I disagree that this was Bowie pandering to the tastes of the mainstream. I posit that far from being Bowie's blatant attempt at future financial solvency, Let's Dance was actually one of the most subversive albums of Bowie's career. Let's Dance was THE great rock-n-roll swindle. Something so subversive that people never even noticed they were being taken for a ride.

On the surface, the songs are 1980s pop at it's most flamboyantly conventional. Even Bowie's look was ordinary for the time. Gone were his eyebrow-raising bodysuits and gender-bending – replaced by pastel suits (with wide shoulders and nipped waists) and a bleached, teased blonde coif. He traded the in-your-face gender confusion of the glam 1970s for the subtle feminization of masculinity that was de rigueur for the time.
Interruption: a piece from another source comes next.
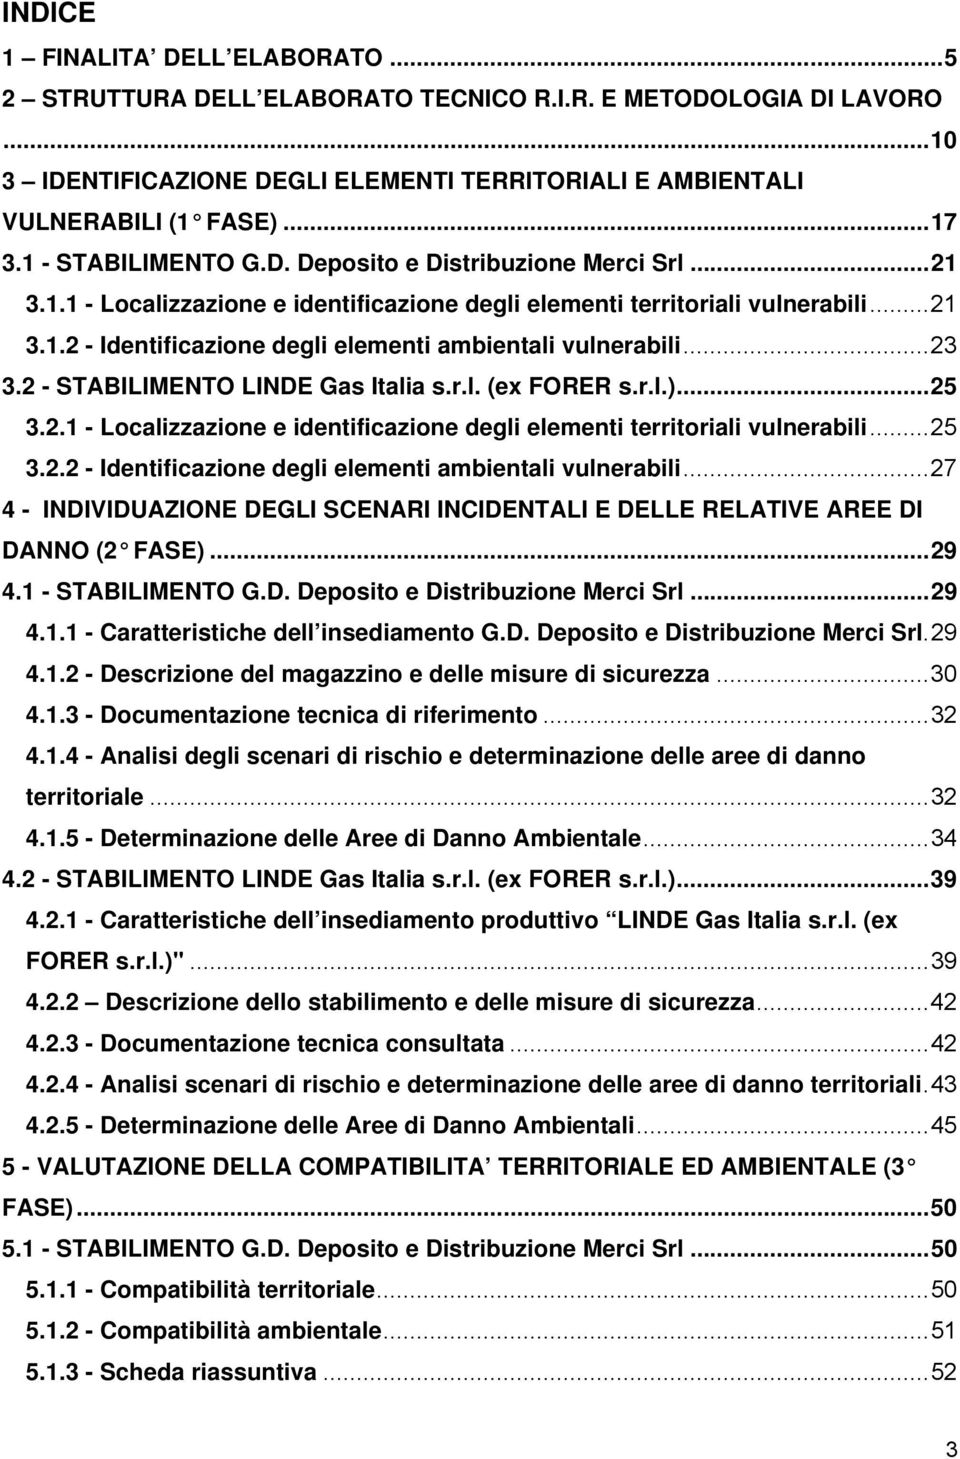 ..23 3.2 - STABILIMENTO LINDE Gas Italia s.r.l. (ex FORER s.r.l.)...25 3.2.1 - Localizzazione e identificazione degli elementi territoriali vulnerabili...25 3.2.2 - Identificazione degli elementi ambientali vulnerabili.

And the public ate it up. The people who wrote him off as a purposefully provocative art wank suddenly embraced David Bowie's music all the way up the charts.

Underneath the top-40 sound, you have:

  • an infamous punk rocker (Iggy Pop)
  • a well-known (in specific circles) blues guitarist, at a time when blues was still fringe (Stevie Ray Vaughn)
  • a Brazilian/Latin fusion percussionist, more versed in R&B (Sammy Figueroa)
  • a washed-up disco producer other people in the music industry wouldn't touch (Nile Rodgers)

Topping it all off – like a bum-waving, middle-finger extending, slap in the face – were videos that were appeals against British colonialism and orientalism.

Yet, people looked at (and still look at) Let's Dance as nothing more than Bowie kowtowing to the capitalist public and the soul-eating music industry.

I'm still not willing to say the album's one of my favorites – there are plenty of others that I like a lot more – but I don't believe it deserves the bad rap that most fans give it. It wasn't the departure from his oeuvre that it appears to be on the surface; it's just as anti-establishment as his other works. We just weren't paying close enough attention to see it.